DNA-encoded PCSK9 inhibitors may provide alternative for treating high cholesterol
Researchers at The Wistar Institute have developed novel synthetic DNA-encoded monoclonal antibodies (DMAbs) directed against PCSK9, a protein key to regulating cholesterol levels in the bloodstream. Results of preclinical studies showed a significant cholesterol decrease, opening the door for further development of this approach as a simple, less frequent and cost-effective therapy, as reported in a paper published online in Molecular Therapy.
Elevated, low-density lipoprotein cholesterol (LDL-C) is a major risk factor for cardiovascular disease, the leading cause of death in the U.S. and worldwide. Statins are effective and widely used cholesterol-lowering medications, but have been associated with a number of side effects that have prompted development of alternative treatment strategies, including monoclonal antibodies targeting the PSCK9 protein that result in reduced degradation of LDL-C receptors on liver cells and increased cholesterol clearance from blood circulation.
"Any therapy based on recombinant monoclonal antibodies faces challenges of production among other issues as molecules may be difficult to manufacture and require multiple administrations," said lead researcher David B. Weiner, Ph.D., executive vice president, director of Wistar's Vaccine & Immunotherapy Center, and the W.W. Smith Charitable Trust Professor in Cancer Research at The Wistar Institute. "Anti-PCSK9 therapy presents an important opportunity for development of alternative approaches, possibly expanding options for such therapies."

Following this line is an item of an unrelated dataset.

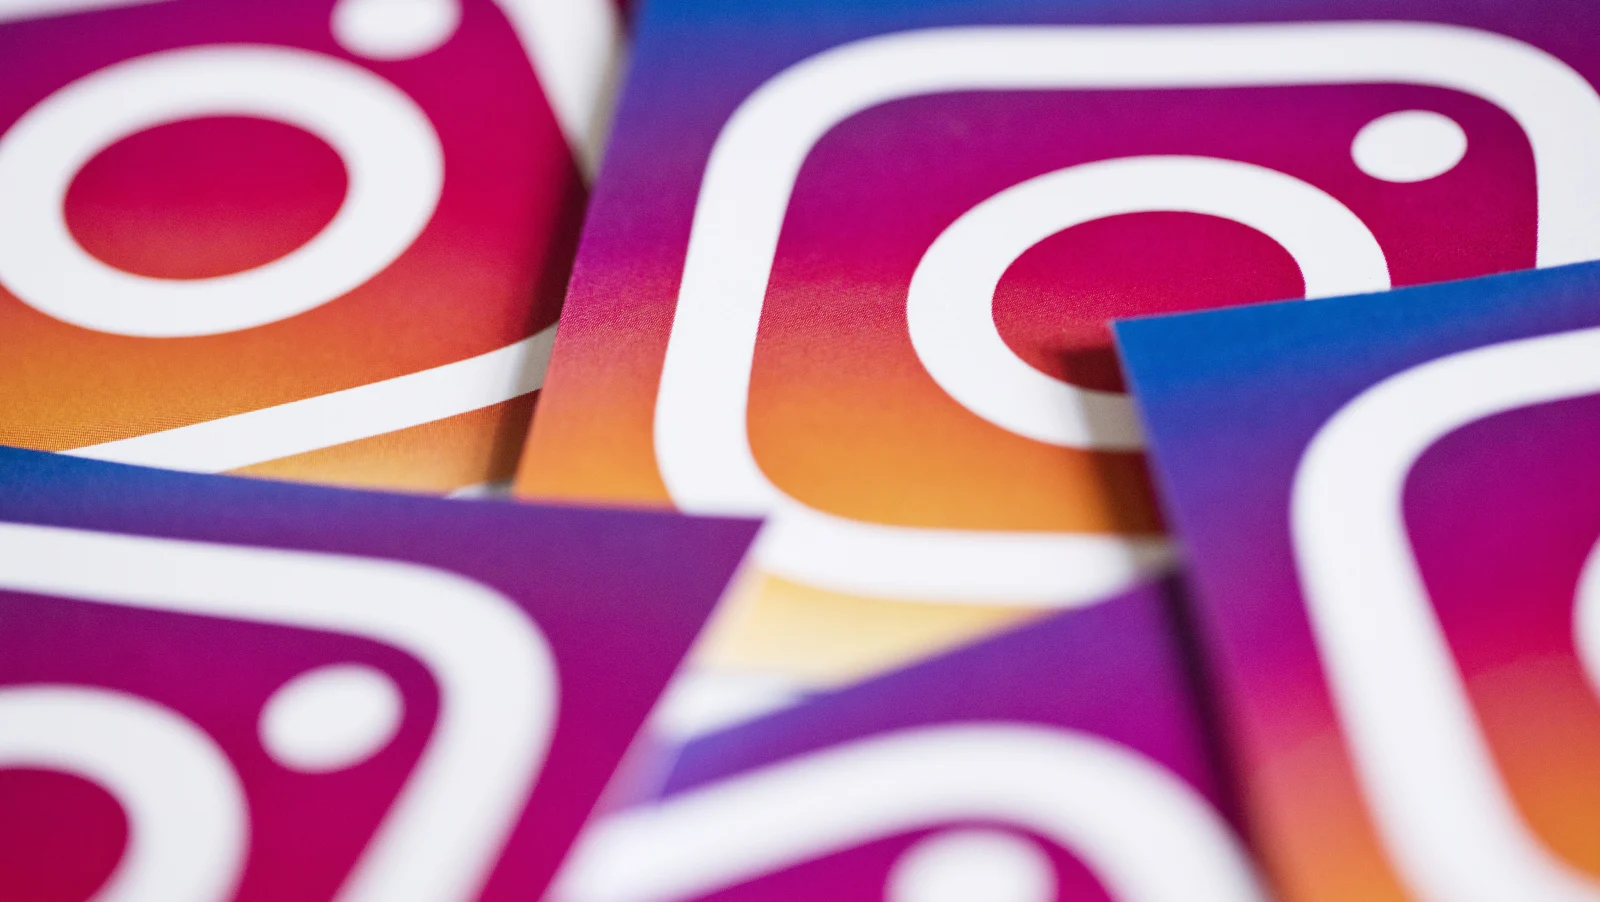 How the Instagram Algorithm Works in 2023 : Social Media Examiner

Weiner and collaborators engineered synthetic DNA constructs that are delivered by intramuscular injection and encode the genetic instructions for the body to make its own functional monoclonal antibodies, entirely bypassing bioprocess and manufacturing factory approaches. This study provides the first proof of principle that such engineered DMAbs may be developed as a new option for coronary artery disease.
The researchers tested expression and activity of the DMAbs targeting PCSK9 in mice. A single intramuscular administration drove robust antibody expression within days and for up to two months, resulting in a substantial increase in the presence of LDL-C receptors on liver cells. This in turn resulted in a significant decrease in total cholesterol and non-high-density lipoprotein cholesterol (non-HDL-C), an important parameter for evaluating cardiovascular risk.
"We are excited about these findings that support the flexibility and versatility of the DMAb platform as a next generation approach that can be optimized for a wide host of applications," said Makan Khoshnejad, Ph.D., first author on the study and a postdoctoral fellow in the Weiner Lab.